CARPE DIEM

Carpe Diem

Era il motto di mio fratello Carlo ed è stato incorporato da sua figlia Sabina, che lo ha letteralmente “vestito”.

Ce lo consigliava il poeta Orazio duemila anni fa, se n’era accorto lui per primo quanto fosse prezioso ogni giorno che sorge e che ci trova vivi ed attivi.

E mai come in un periodo di pandemia, di tutto stravolto, di forzata ed apparente inattività per aver la certezza che ogni giorno che ci trova vivi lo dobbiamo afferrare per le corna come se fosse un toro da domare e farlo rendere tutto quello che lui può, o che noi gli possiamo strappare. Ogni giorno che lasciamo passare nell’indifferenza o nell’attesa passiva di qualcosa che può arrivare o no, è uno spreco tremendo ed irrecuperabile, perché lui passa, ma il tempo che si porta dentro ci consuma allo stesso modo se lo usiamo o no.

Ed è anche per questo che ho deciso di non aspettare più. La liturgia da covid è sacra e la rispetto: non cederò alla voglia pazza di dare un abbraccio a figlio, figlia, nipote, amico, parente o sconosciuto, non toglierò la mascherina anche se mi obbliga a respirare l’aria che ho già respirato, non mi avvicinerò oltre la distanza di sicurezza, ma tornerò da Momo per mangiare un gelato, e lo farò con un’amica, una coraggiosa che, come me, non ce la fa più a restare isolata, a veder passare le giornate senza una boccata d’aria, senza un contatto umano vero, non solo virtuale. Diciamoci la verità: questo isolamento così forzato è troppo crudele perché si possa vivere come se fosse una vacanza. Ed è proprio per questo che dobbiamo darci da fare a strappare ad ogni giorno che arriva qualcosa da fare per renderlo produttivo, che non sia passato invano, senza mostrarci il risultato di come lo abbiamo utilizzato. In ognuno dei 175 giorni che sono passati io spero di aver prodotto qualcosa. Che cosa non importa, ma che abbia fatto qualcosa.

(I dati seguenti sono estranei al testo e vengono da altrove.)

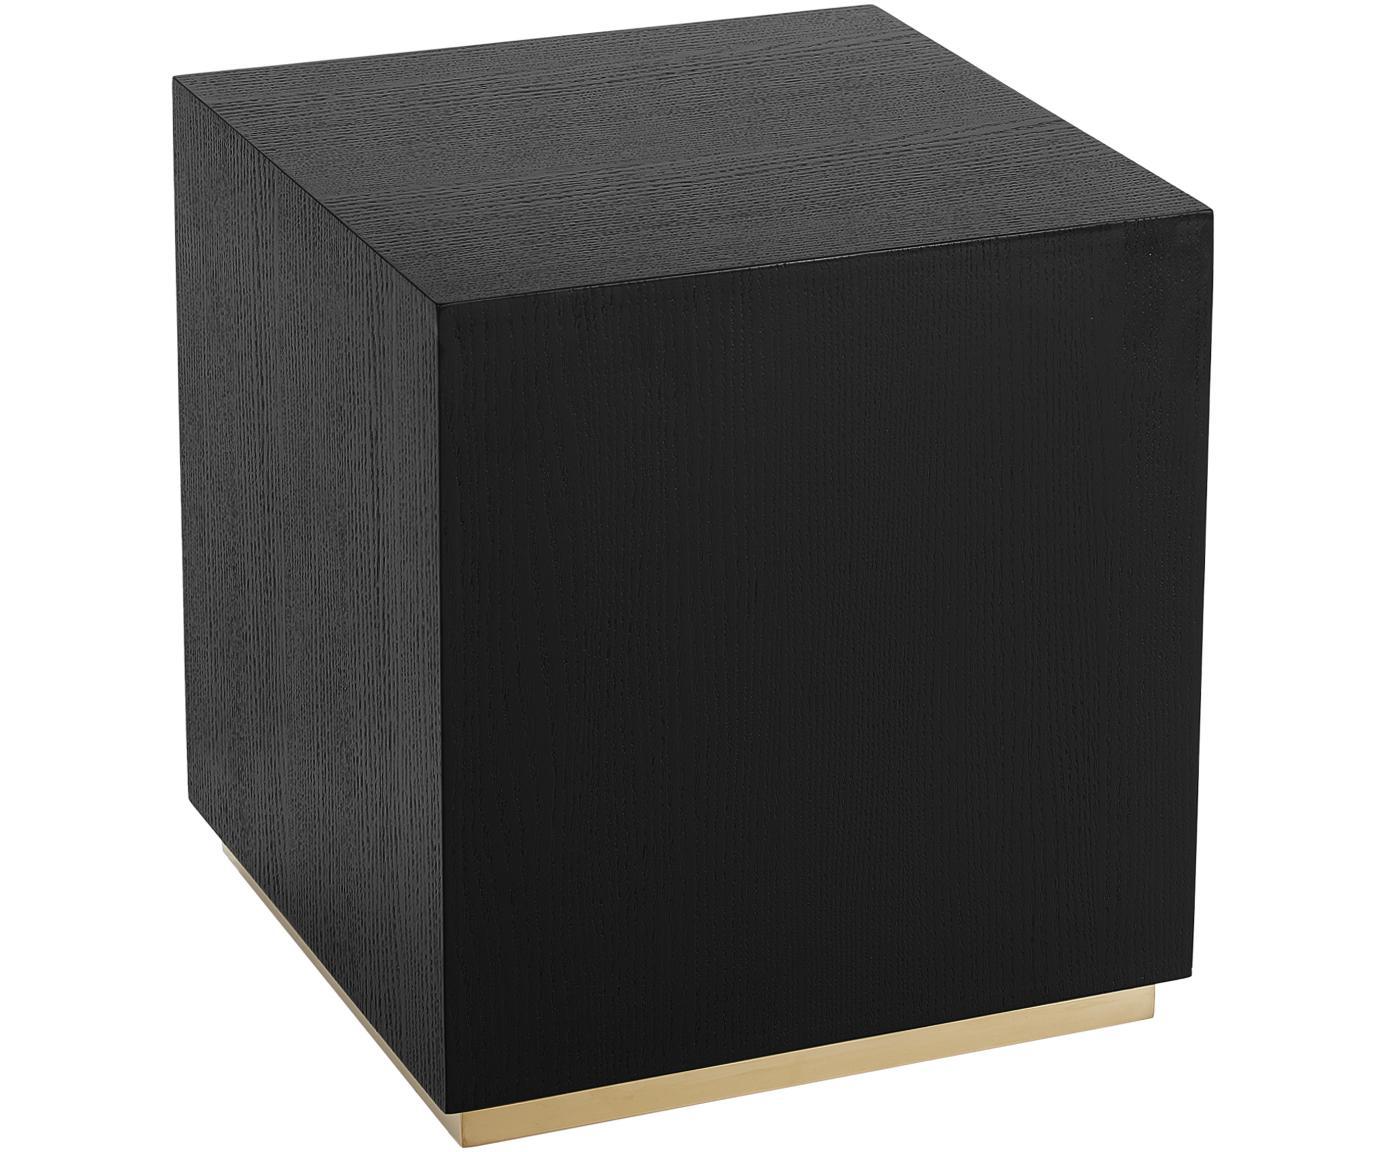 Beistelltisch Clarice in Schwarz, Korpus: Mitteldichte Holzfaserpla, Fuß: Metall, beschichtet, Schwarz, 45 x 50 cm

Carpe diem, accogli, cogli, afferra, usa il giorno che ti da il benvenuto ogni mattina e che ti dice “eccomi, sono tutto tuo, non lasciarmi passare invano, perché domani non ci sarò più, domani chi ti darà il buongiorno non sarò più io, sarà un altro giorno”.

Ed io sono qui a chiedermi ad ogni nuovo giorno come fare per rendere produttiva anche la prigionia e cercar di domare la voglia pazza di andare in riva al mare per dirgli buongiorno, o in cima ad una montagna e gridare di gioia per sentire la mia eco. Ma intanto cerco di dare un volto ad ogni giorno che se ne va. Magari il volto dell’amica che insieme a me assapora un delizioso cono allo yogurt greco di Momo…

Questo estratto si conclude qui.